The exhibit itself is a travelling show, which means it will move on from Prince George eventually. But for now, it offers residents and visitors a chance to stand before evidence of a creature that walked or lived in what is now British Columbia, in some distant geological epoch. Buster is a reminder that the ground beneath our feet holds secrets, and that those secrets sometimes emerge not through grand expeditions but through the quiet work of researchers who recognize significance in what others might have overlooked.

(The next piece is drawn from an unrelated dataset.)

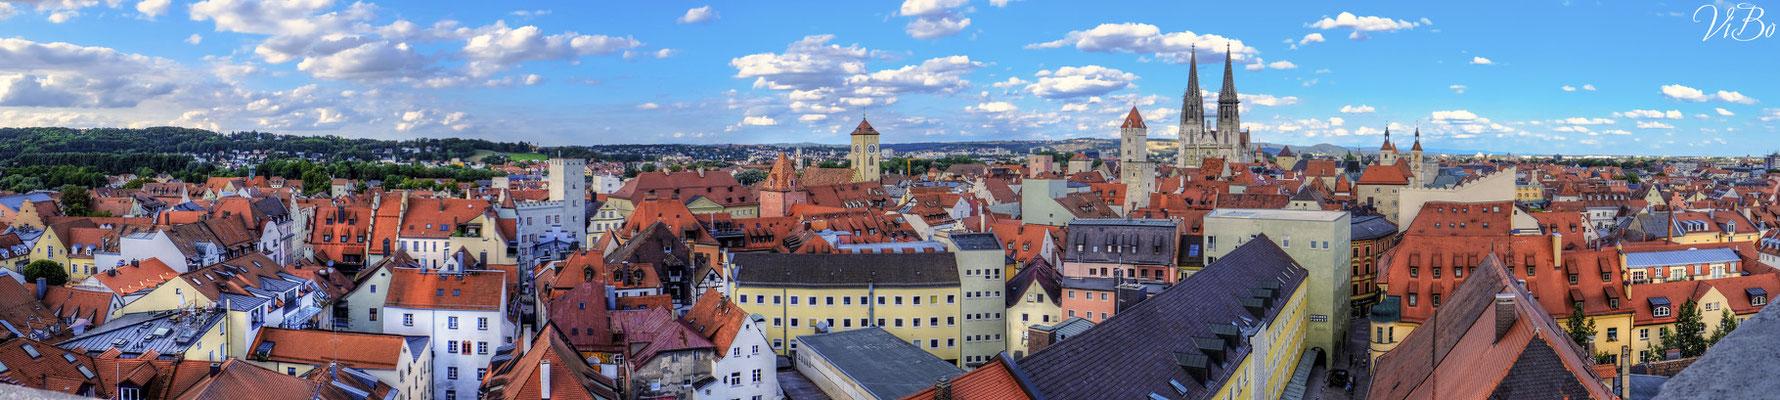 Regensburger Altstadt.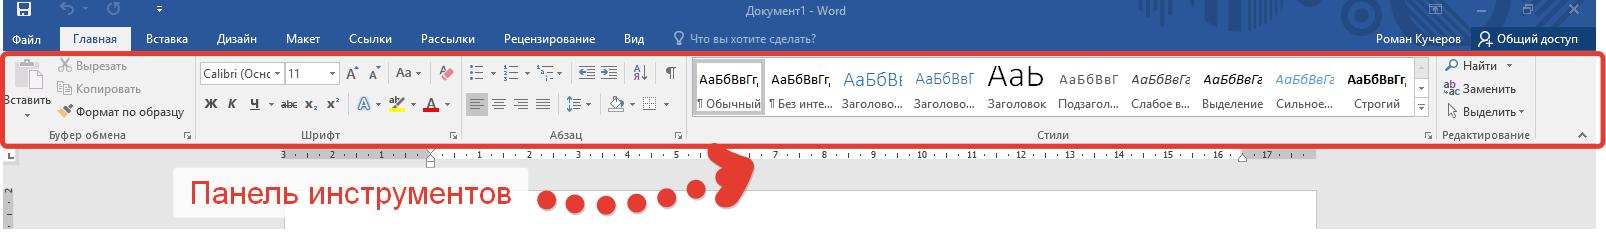 панель инструментов ворд word таблица

It's a fantastic exhibit. Of course, the highlight of it is Buster the Dinosaur, a brand new species of dinosaur only known here in B.C. so far, and the only one of its kind so far.
— Chad Hellenius, Assistant Curator at The Exploration Place
Paleontology happens that way by accident, a lot of the time
— Chad Hellenius
A Conversa do Hearth Outra perspectiva sobre a história
Inventor

Why does it matter that Buster was only discovered now, when the bones have been around since the seventies?

Model

Because paleontology isn't like archaeology—you don't always know what you're looking at when you first find it. Those bones sat in a collection until someone had the knowledge and the comparative material to say, "This is something we've never seen before." That's the real discovery.

Inventor

So the geologist who found them wasn't even looking for dinosaurs?

Model

No. He was doing something completely different. That's actually the norm in paleontology. You stumble onto these things. You're digging for one reason and suddenly you've got a fossil in your hands.

Inventor

What makes Buster unique enough to warrant its own exhibit?

Model

It's the only one of its kind we know of, and it's only been found in BC. That's significant. It tells us something about what lived here, what the ecosystem was like. And it's complete enough to reconstruct, which not all fossils are.

Inventor

Why have a life-size model and a small one?

Model

The life-size one shows you what you're actually dealing with—the real proportions, the real scale. The small one lets kids touch it, engage with it. That's how you make paleontology real for people.

Inventor

Does finding Buster change how we understand BC's prehistoric past?

Model

It adds a piece to the puzzle. Every new species tells us something about the climate, the geography, the food chains of that time. Buster is one more voice in that conversation.